Things to do before we leave: Get tailored suits, get acupuncture, get a tattoo. Don't worry Dad, it'll be tasteful. And big! They're cheap here.

Will keep you updated.

-P

9 comments:

James MacQuarrie said...

Hey, son ... the only tasteful tattoo is the one you DIDN't get. That's my two cents worth ... which will probably buy you a tattoo in Thailand. Then there's the small issue of potentially contaminated needles. Bargain or not, I do NOT think it's a good idea. Okay, enough ranting.

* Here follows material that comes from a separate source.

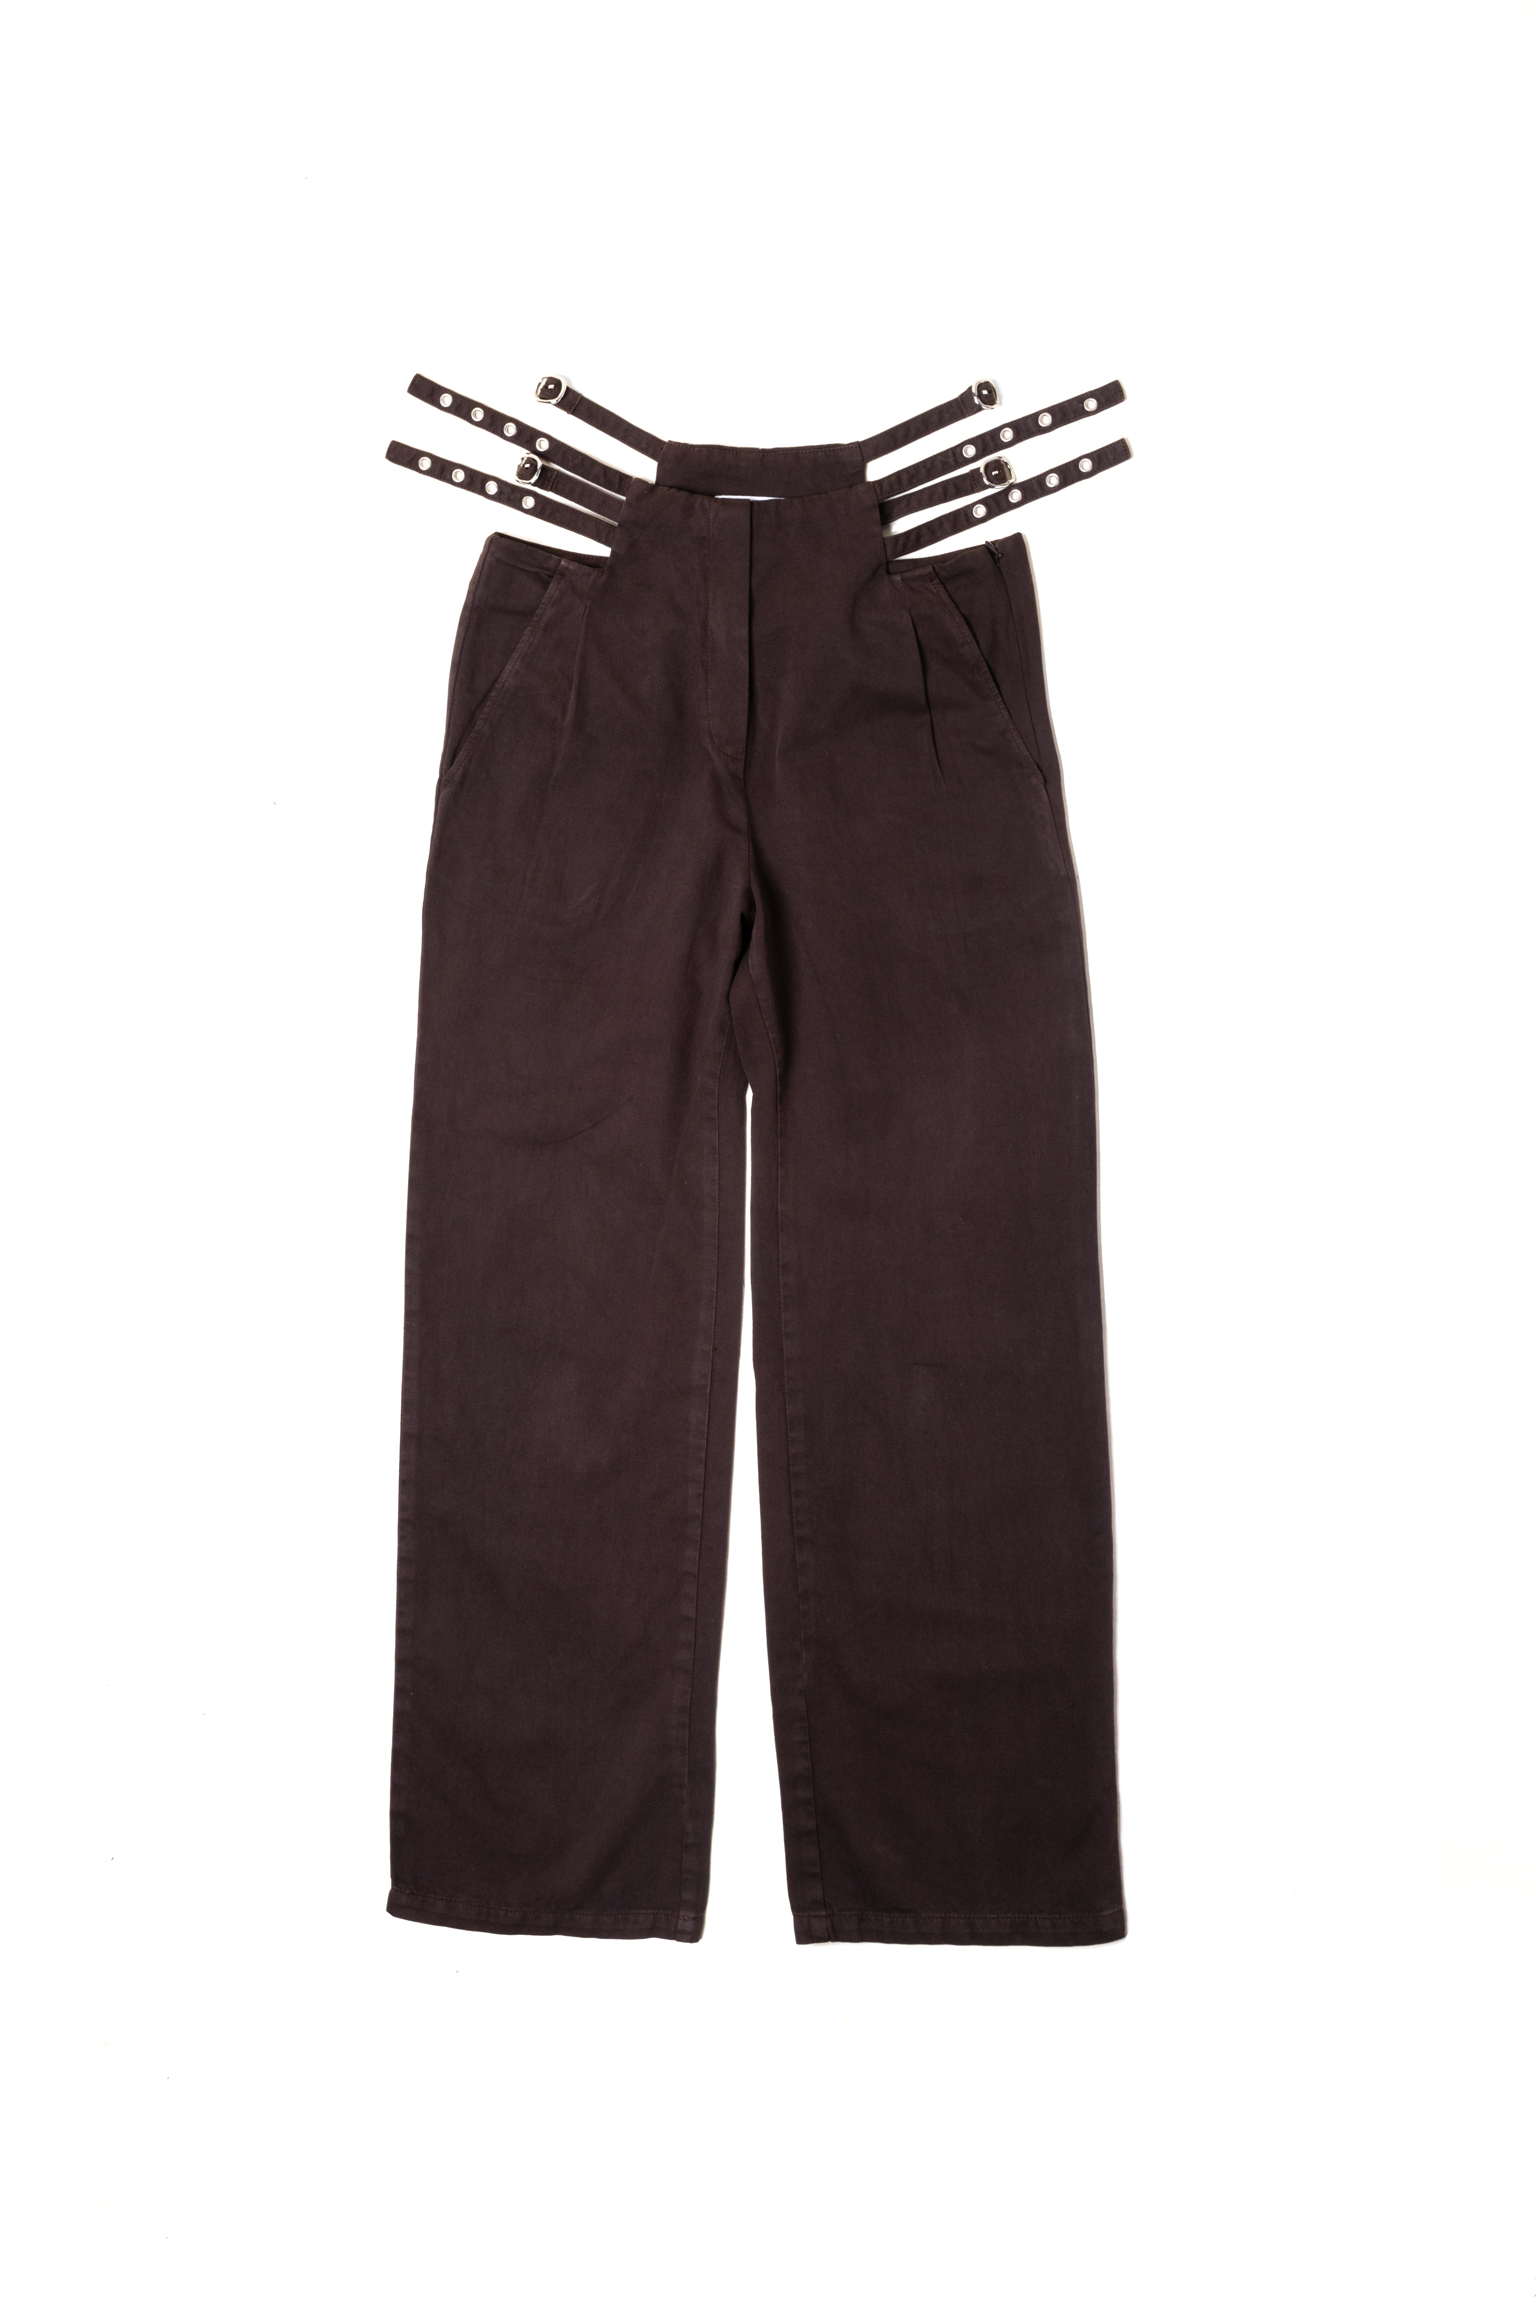 貴重 【Black】FARAH TwoTuck Side Adjustable Pants www.sanklecha.in

Sounds like fun, MUST have pictures of my bald son on an elephant, so make that a priority, Okay? Thanks for the blog. lymy

caleigh said...

Hey there punk.
You sure are quickly becoming the great world traveller, and I must say I am quite jealous. I am glad you are keeping the ones stuck in edmonton up to date. The cheap shopping sounds right up my alley. Ha bringing me home a cheap souvineer?? Just kidding. Keep up the crazy adventures. Can't wait for the BALD?! pictures. And as for the tattoo... Sweet. haha make it amazing.
-Calegh

James MacQuarrie said...

all of those who wish to stay on my Christmas list -- or ever GET there -- must stop referring to a "SWEET" tattoo. Just a friendly reminder. Ho. Ho. Ho.

Josh said...

Yeah, I agree with your dad. There is no way the needles are sanitized. Up 600 baht and gin to 1000? this is my kind of trip.

Renee said...

Pat my dear - have a Hep vac (A, B and C) after your tattoo and I'm sure you'll be fine. :) j/k I'd only for something traditional-esque if I were you, but that might be a little more painful than the conventional 'needle' method.

Good boy....keep AWAY from the cheap ladies..

Now I will stare at the computer screen, pout and wish I was where you are currently...sans hairy (prickly) elephant.